XML 11 R9.htm IDEA: XBRL DOCUMENT v2.4.0.6
Completed Merger
12 Months Ended
Dec. 31, 2011
Business Combinations [Abstract]  
Business Combination Disclosure [Text Block]
 
2.           Completed Merger
 
On November 4, 2011, pursuant to the terms of the Merger Agreement, the Merger was consummated and Merger Sub was merged with and into SG Building, with SG Building surviving the Merger and becoming a wholly-owned subsidiary, and only operating business of the Company. In connection with the Merger, (i) each of the 1,786,000 shares of SG Building common stock which were outstanding immediately prior to the effective date of the Merger were exchanged for 20.1851851852 shares of the Company’s common stock and (ii) each of the 51,750 outstanding SG Building warrants were cancelled and substituted with Company warrants of a similar tenor to purchase an aggregate of 1,044,584 shares of the Company’s common stock.

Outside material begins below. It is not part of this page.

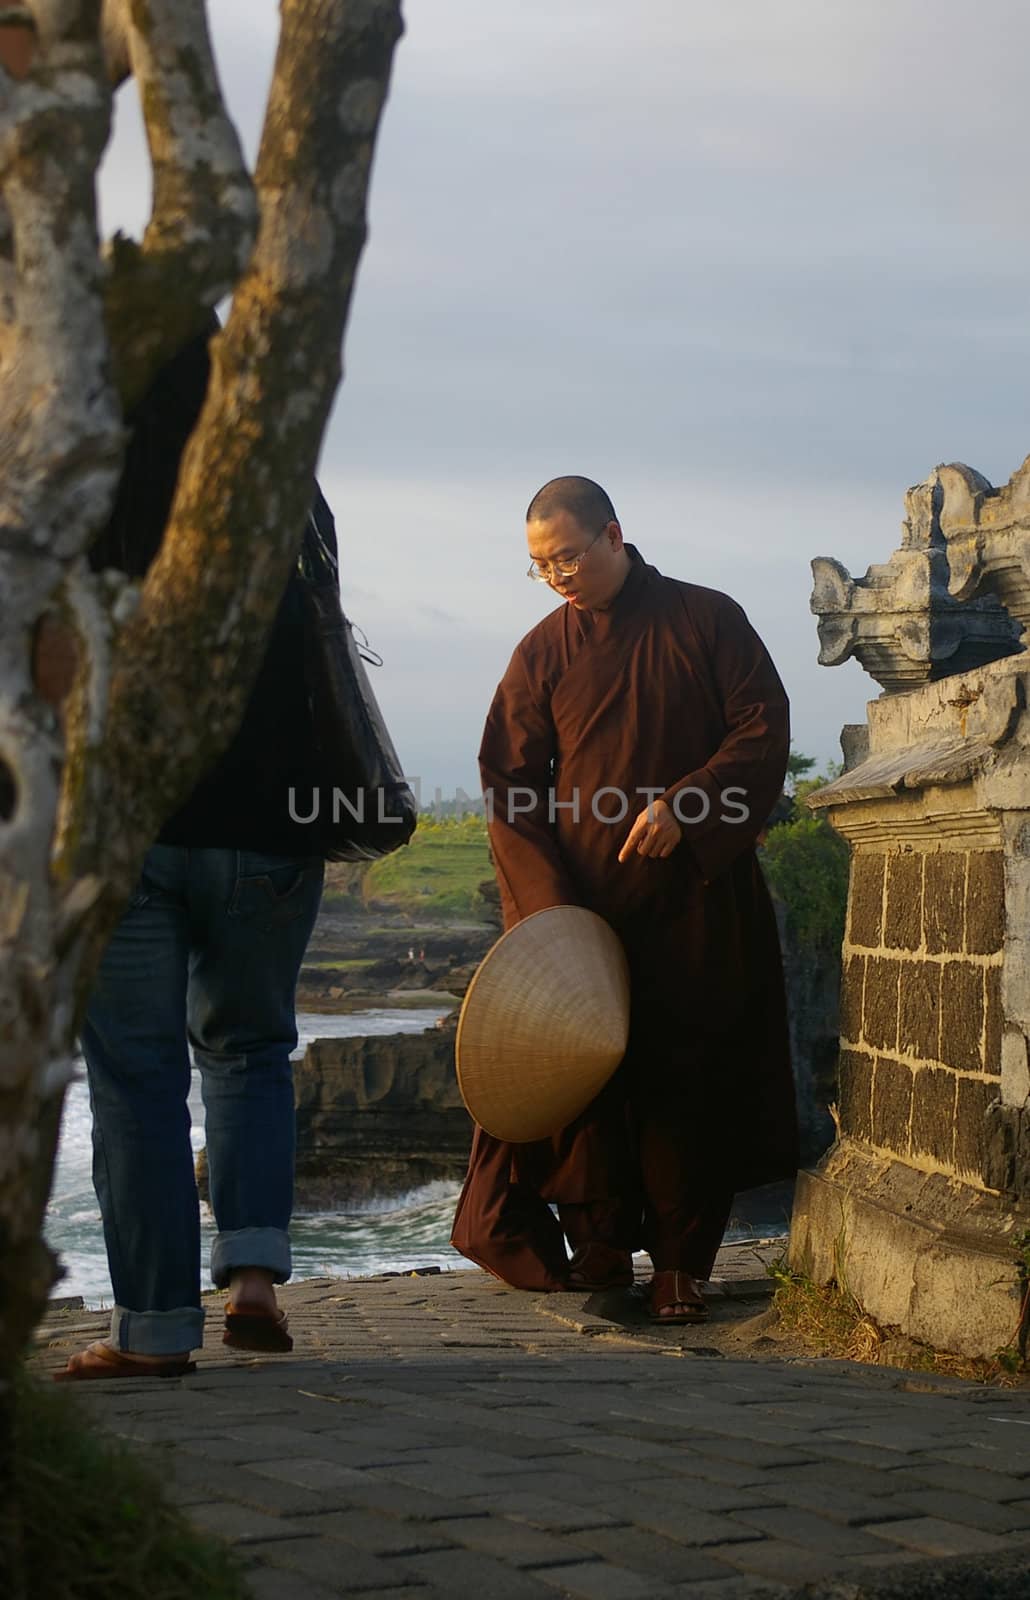 A Vietnamese Buddhist monk visiting temples in Tanah Lot, Bali, Indonesia.
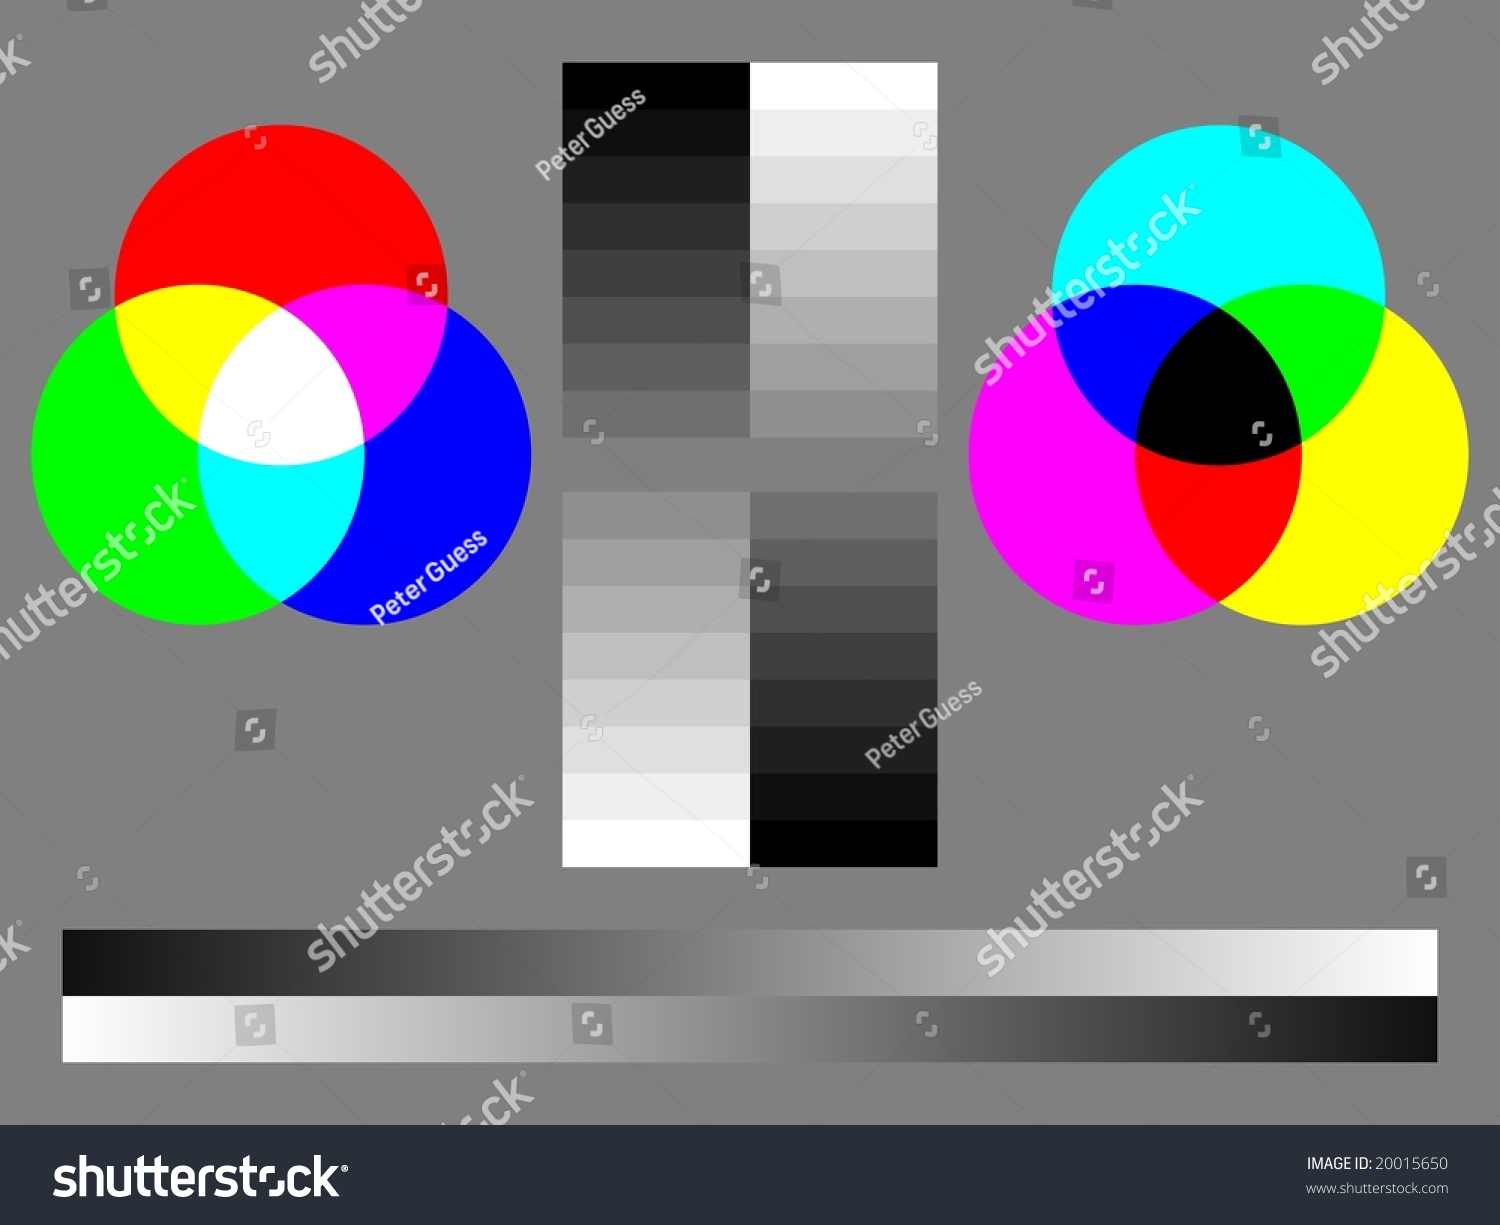 Monitor Calibration Color Test Chart With Rgb, Cmyk, 16Step Grayscale

Also, in connection with the Merger, 408,750 shares of the Company’s common stock were issued for services related to the Merger.
 
The number of shares of common stock of the Company issued and outstanding immediately following the consummation of the Merger on November 4, 2011 is summarized as follows:
 
   
Number of
Shares
 
SG Building shares outstanding prior to the Merger
    1,786,000  
Share exchange ratio (20.1851851852 to 1)
    20.1851851852 x
      36,050,764  
SG Blocks shares outstanding prior to the Merger
    3,269,992  
Shares issued in connection with the Merger
    408,750  
      39,729,506  

 
In connection with the Merger Agreement, the Company entered into an escrow agreement with former shareholders of SG Building in order to provide for any payment to which the Company may be entitled with respect to post-closing rights to indemnification under the Merger Agreement. Under the terms of the escrow agreement, the former stockholders of SG Building placed in escrow (with an independent escrow agent) a total of 817,500 shares of common stock received by them in the Merger. Such shares of common stock held in escrow were the Company’s sole remedy for rights to indemnification under the Merger Agreement.  No claims for indemnification were asserted by the Company within the escrow period, and accordingly the escrowed shares were released from escrow.